WORK REQUEST » Excluding pictures, what does the listing below contain from the line with "President Biden is" up to and including the line with "Gate express", word for word?

SUPPLIED DATA »

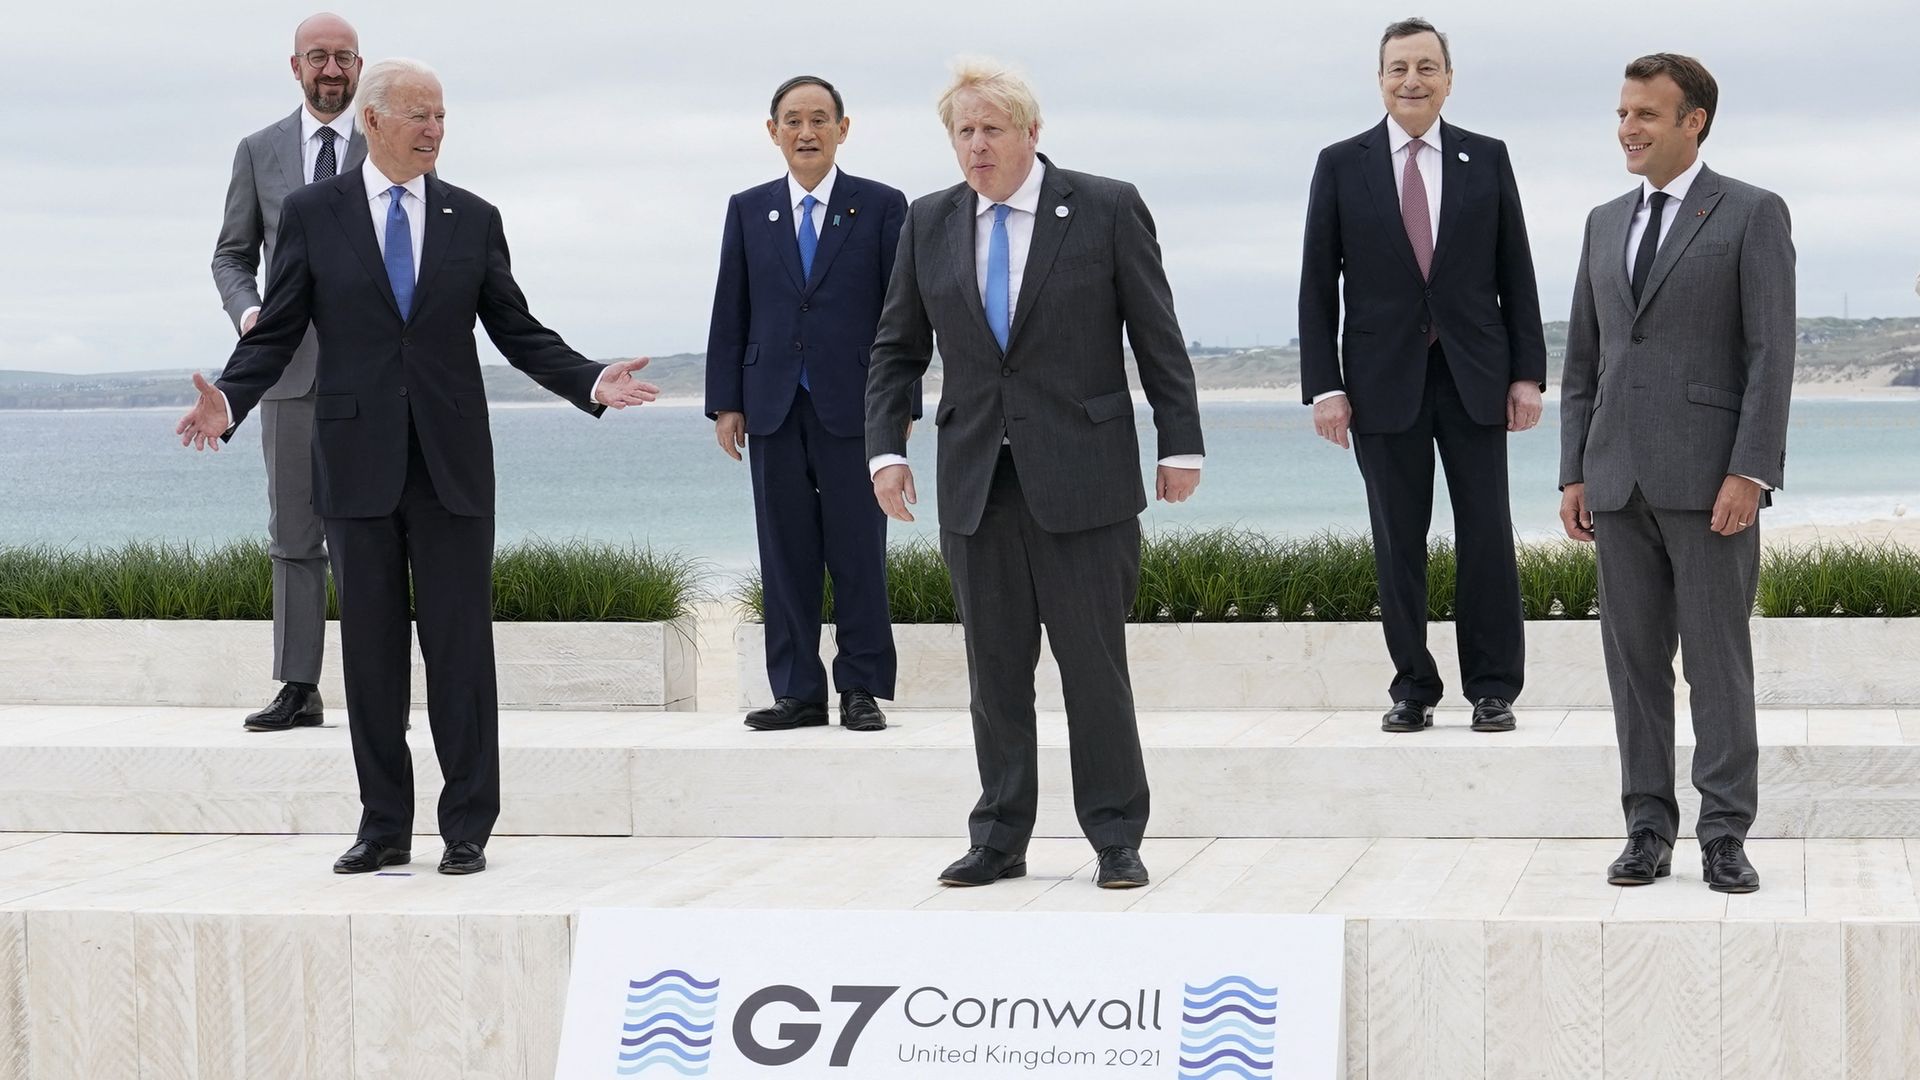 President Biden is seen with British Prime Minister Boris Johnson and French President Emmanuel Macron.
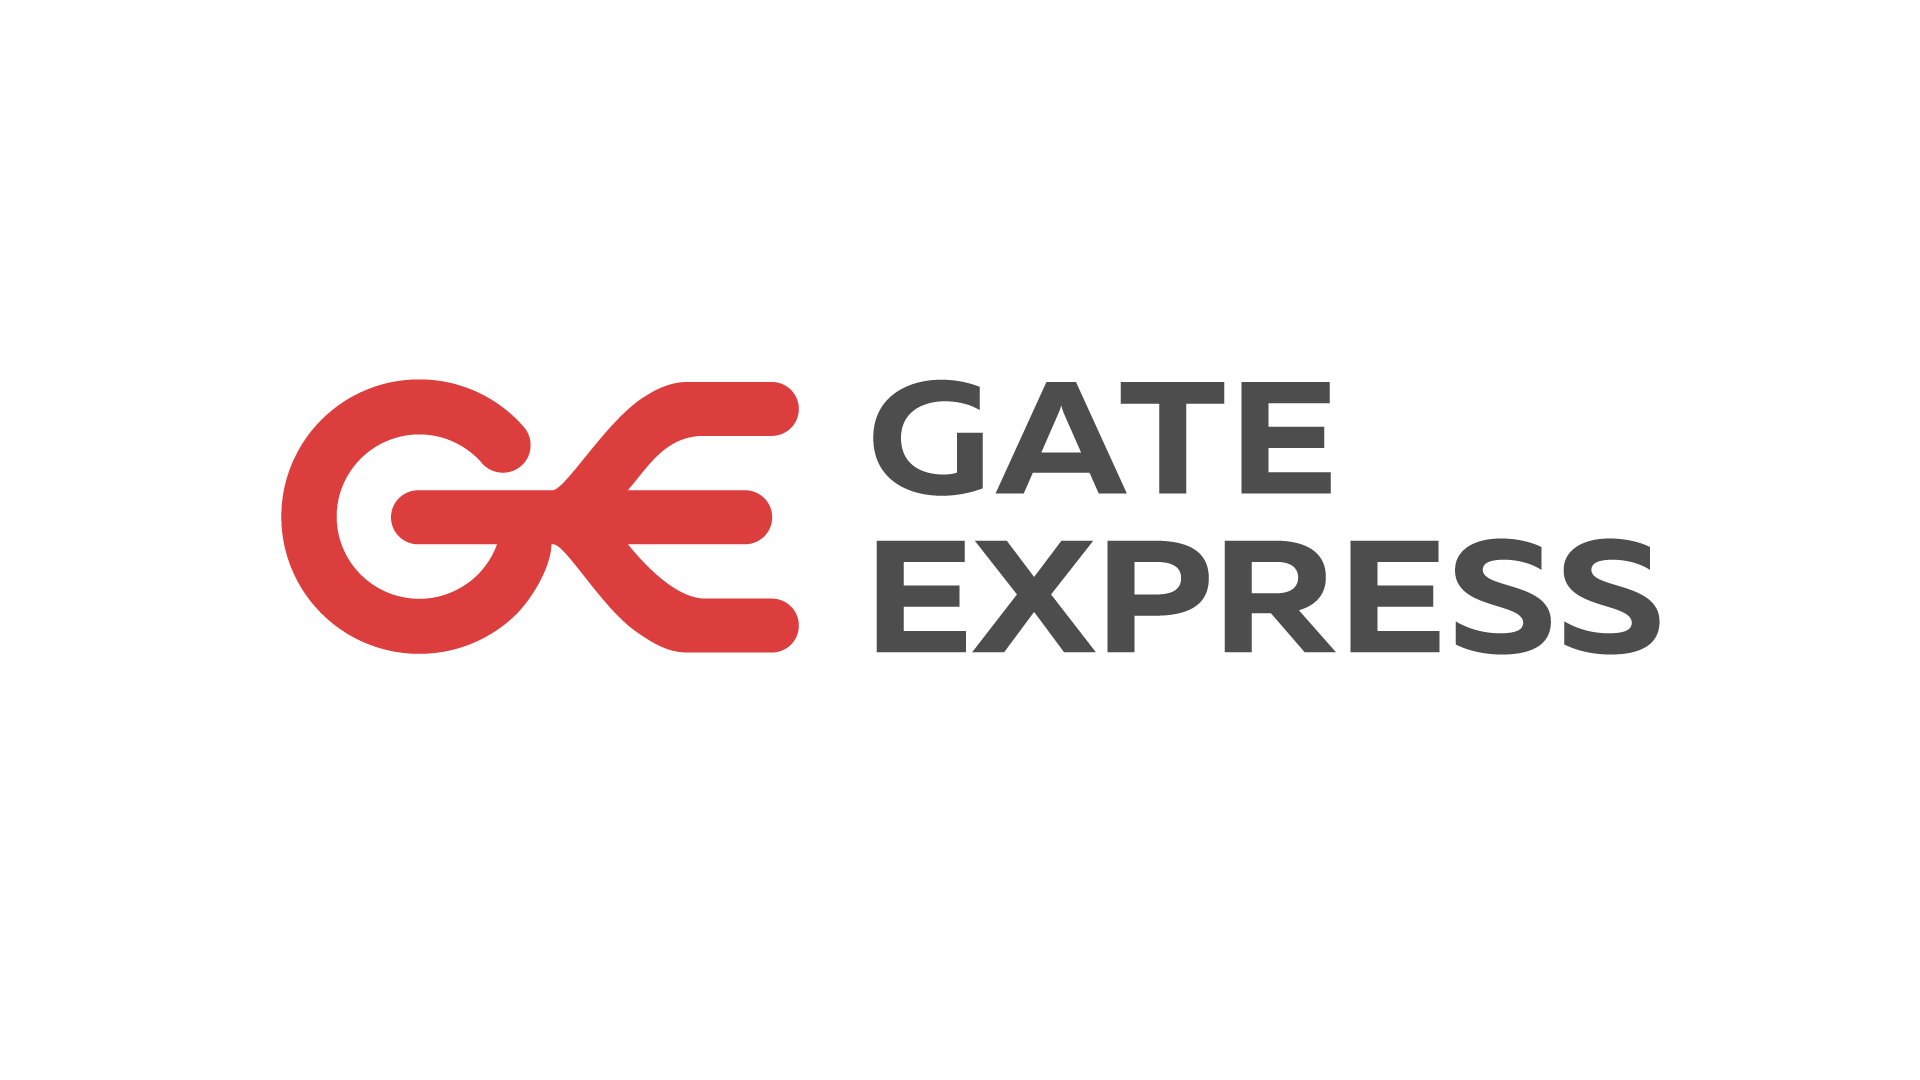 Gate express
* * *
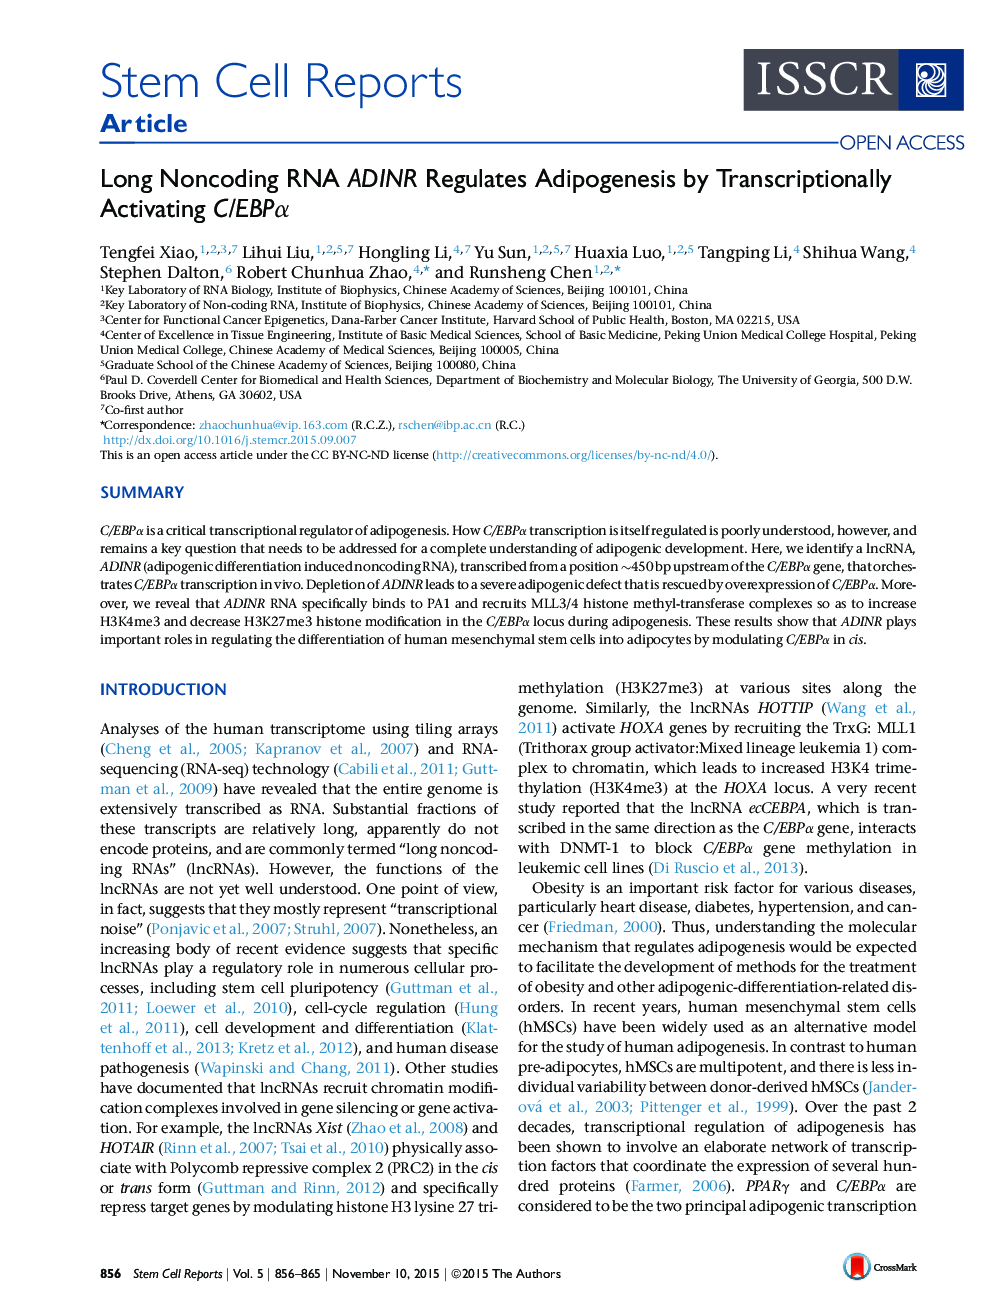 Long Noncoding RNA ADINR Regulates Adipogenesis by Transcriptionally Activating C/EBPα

COMPLETED EXERCISE »
 President Biden is seen with British Prime Minister Boris Johnson and French President Emmanuel Macron.
 Gate express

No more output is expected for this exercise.